Posts Tagged ‘statistics’

The Significance of Underlying Variance for Social Outcomes

Thursday, 8 August 2024

Measures — quantities to which some arithmetic can be meaningfully applied — can be fitted to some human attributes, even if not to others. When attempting to compare some populations to others, an assumption is made that the properties of the individuals within these populations are subject to quantification of some sort, and that the quantities are commensurable across populations. But usually these assumptions are implicit and unrecognized, and even those who have some awareness that they are dealing with quantities very often don't have a proper grasp of elementary issues.

Very often, people try to understand distinct populations in terms of some notion of averages. If each and every member of every population were exactly average in every regard, then averages would be perfect measures of the populations as such. More generally, if for any two populations the share of that population deviating from average by some specific amount were the same, averages would be sufficient for any comparison of the attributes of populations, except for population sizes. But if the overall variance from average in one population is different from that in another, then thinking in terms of averages can go very, very wrong.

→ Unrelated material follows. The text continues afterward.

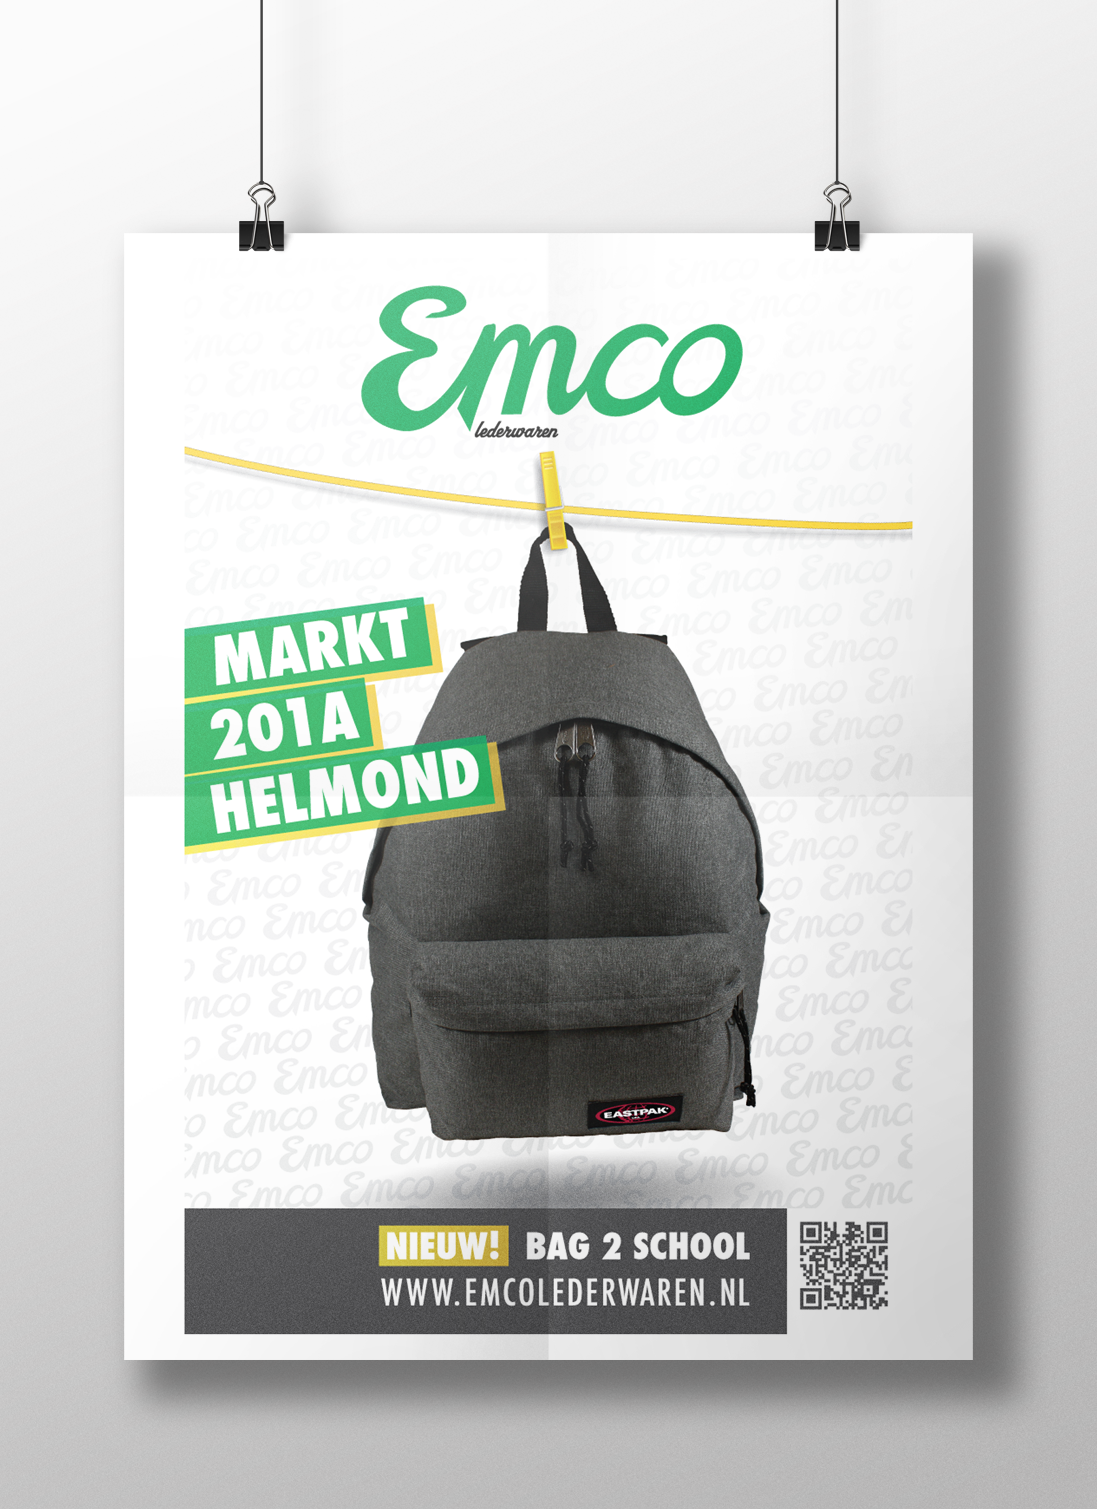 Emco_Lederwaren_Abri_poster_Xander_Abbink-2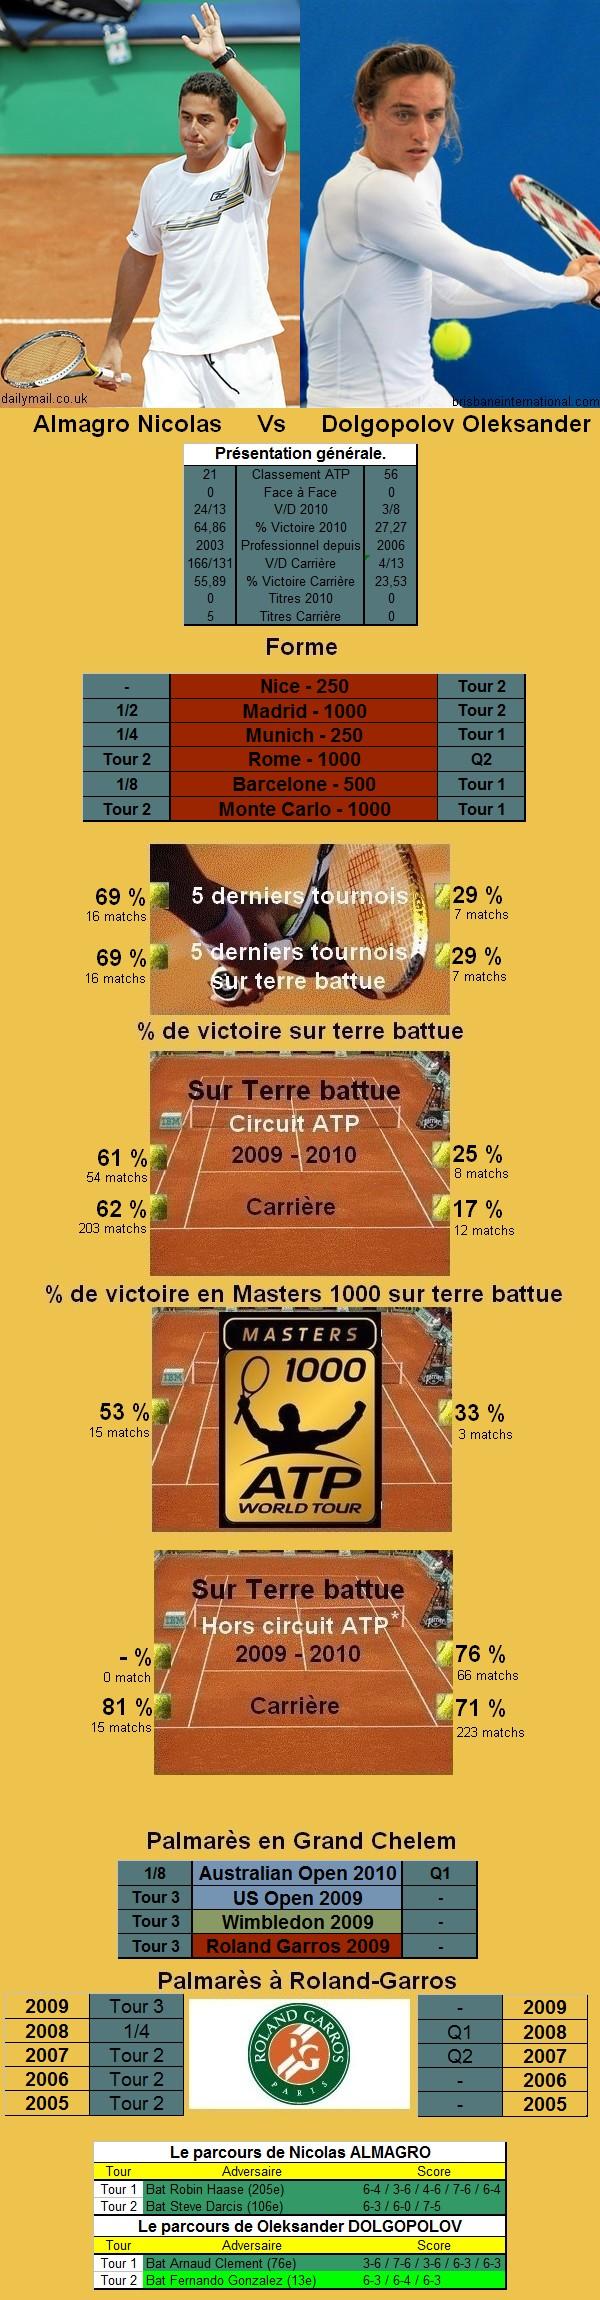 Statistiques tennis de Almagro contre Dolgopolov à Roland Garros

Here are hypothetic distributions for some attribute within two populations, each population having the same number of members:[1] [two lognormal distributions of equal median but of different variance] For both Population A and Population B, the median[2] of the attribute is the same, but Population B has more variance from the arithmetic mean than does Population A. Even though each of these two populations have the same median, more members of the population of greater variance are below some some measure, and more members of that same population are above some measure. [two lognormal distributions of equal median but of different variance] Population B2 [two lognormal distributions of equal mean but of different variance] has the same variance as Population B, but the same arithmetic mean (rather than median) as Population A. Again, even though the center is, by some measure, the same for both populations, more members of the population of greater variance are below some some measure, and more members of that same population are above some measure.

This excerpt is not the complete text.